The Currency Analytics
By Steven Anderson
There was a severe breakdown of the price of Ethereum, which fell to $125.89. The market dropped by 7%.
Regardless, of the price decline, the coin is up by 17% in the past 30 days. The cryptocurrency remains in the 2nd position by market cap holding $13.
The ETH/USD 4-hour chart revealed that the market has broken below the $135 support with a Fibonacci Retracement Level marked in red.
The coin went very low as it traded near the support level, thus providing for a short-term downside with 1.272 revealing a Fibonacci extension level at $125.71.
The nearest support level is a lot below $125, and it is at the $120 level. Further support is seen at $117, and the retracement level will be marked in green.
When looking from above the near perfect resistance level at .5 at $135 with Fibonacci Retracement Levels marked in red at .618 at $142.63.
The high resistance levels are situated in the $150 and the $160 mark with .886 Fibonacci Retracement level marked in red.
The 20 level is an extreme bearish territory where the RSI plummeted. Thus, the bears are dominating the market sentiment.
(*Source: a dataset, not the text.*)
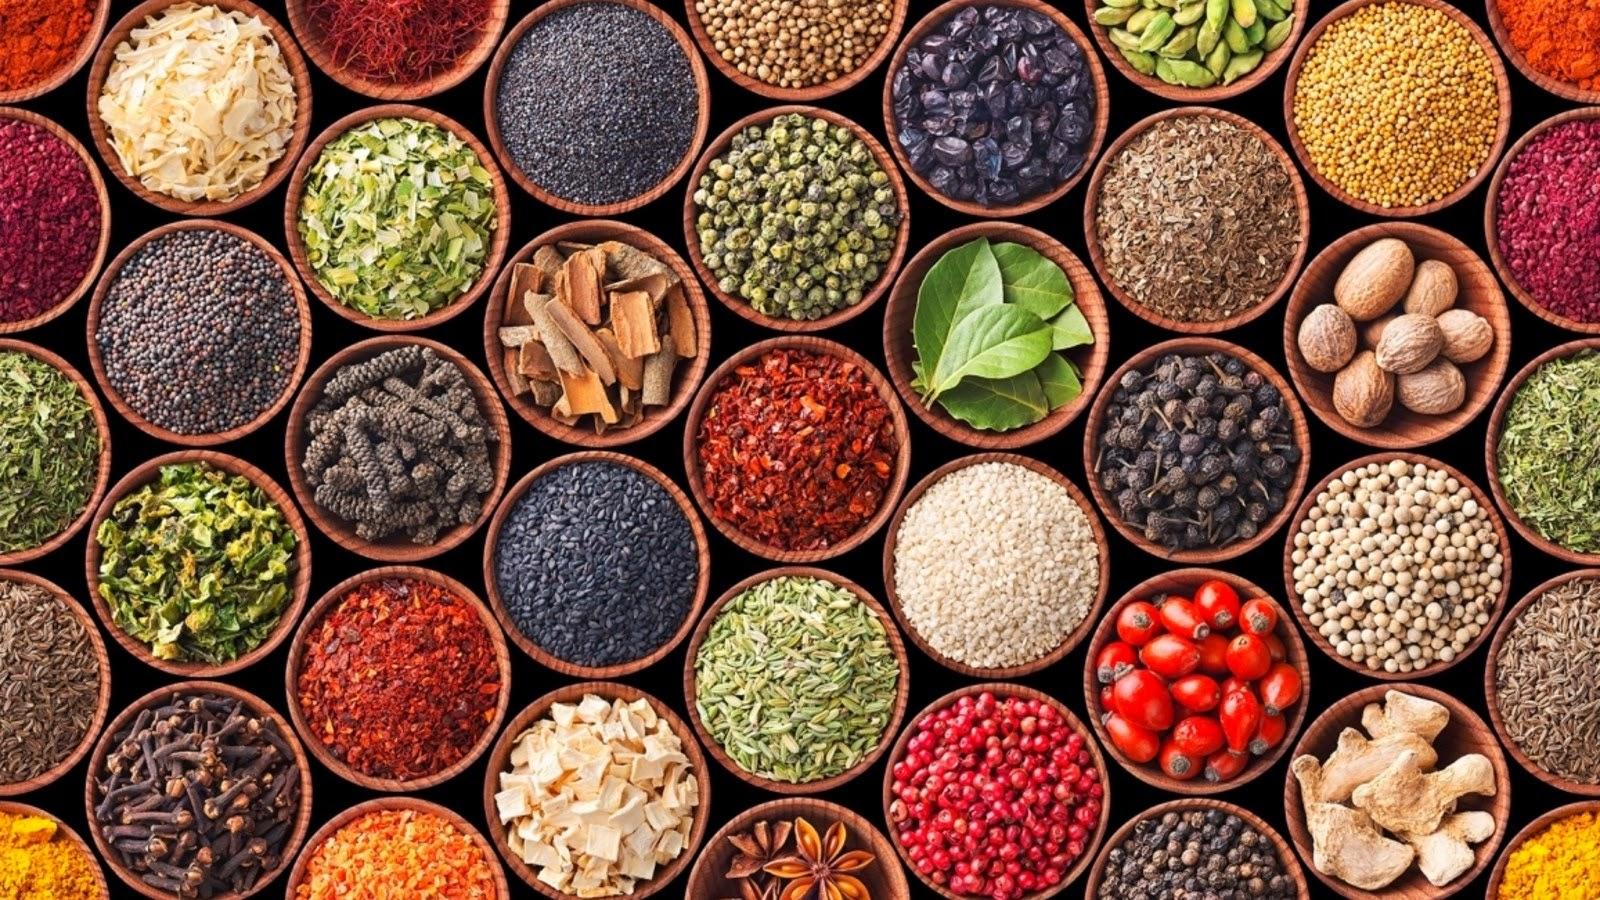 Conoce los tipos de hierbas y especias para cocinar - La Zarola

There is an overall decline in the trading volume ever since March.
Developers of Ethereum make use of the testnet to run their dApps or their smart contracts on the Ethereum Network.
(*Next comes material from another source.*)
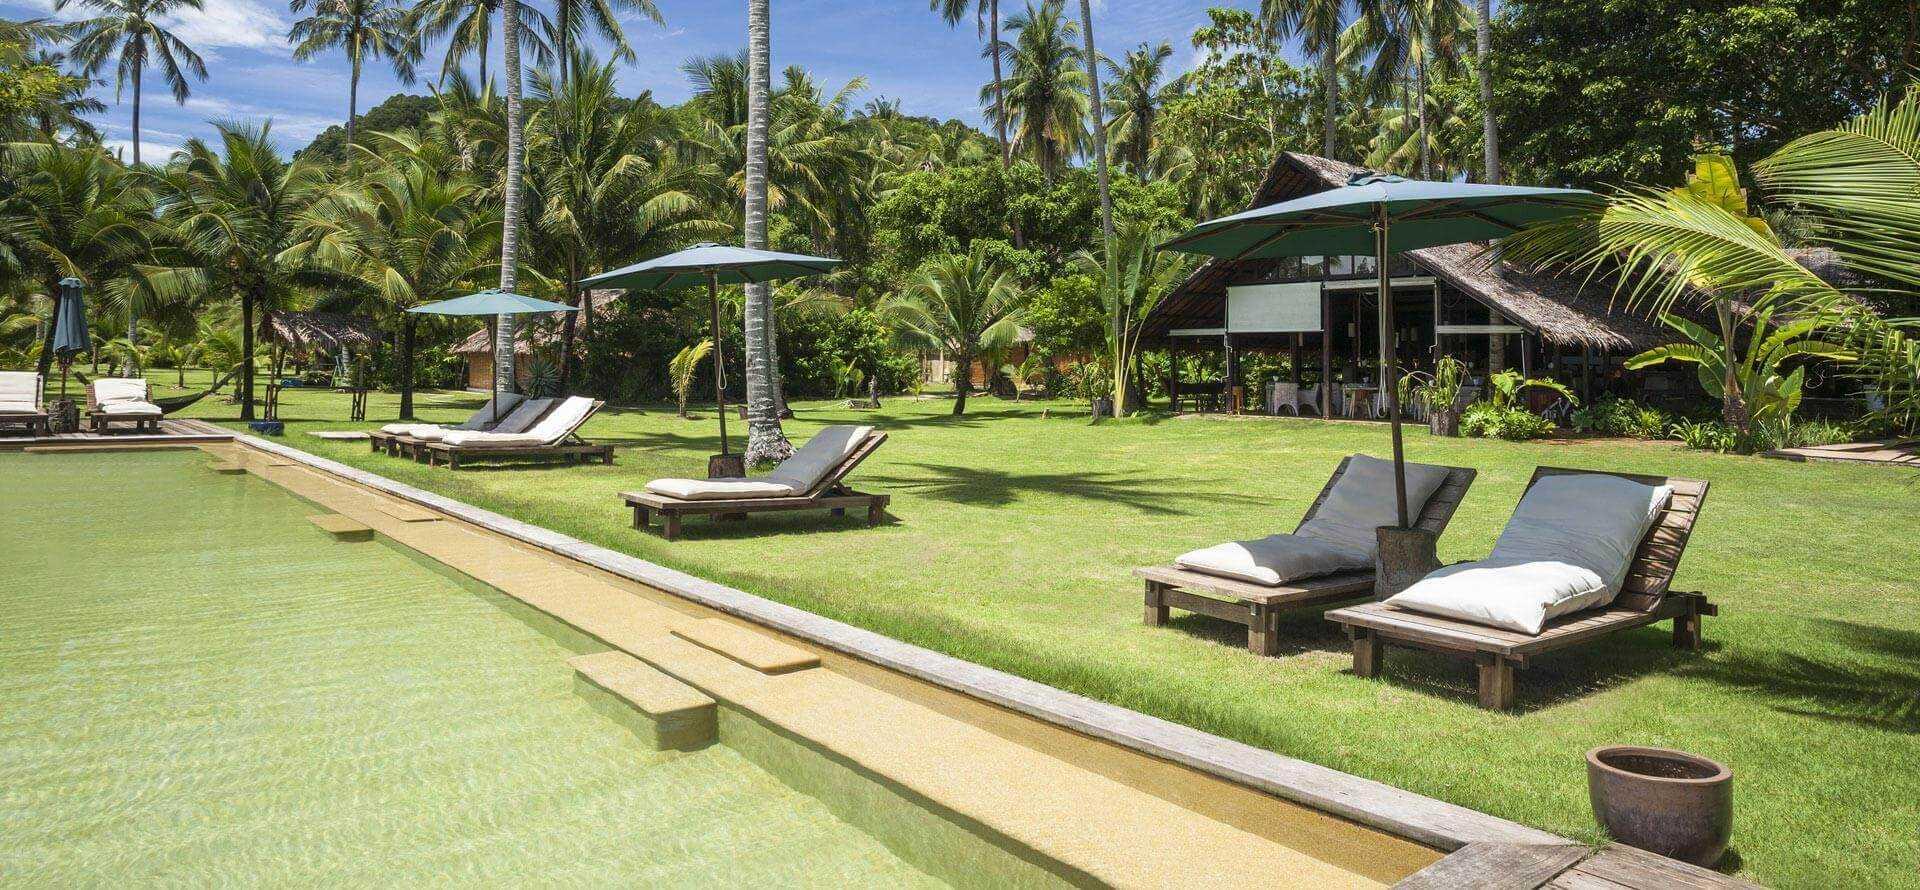 Koyao Island Resort Pool

When connecting to the testnet, developers have to be careful, because most of the tokens that work on Ethereum also work on the testnet.
While several original contracts can be written by making use of any language that has been compiled to the byte code, most of them are written in Solidity.
The climate in the cryptocurrency market is moving towards summer; however, there continue to be remnants of the winter effect in the market.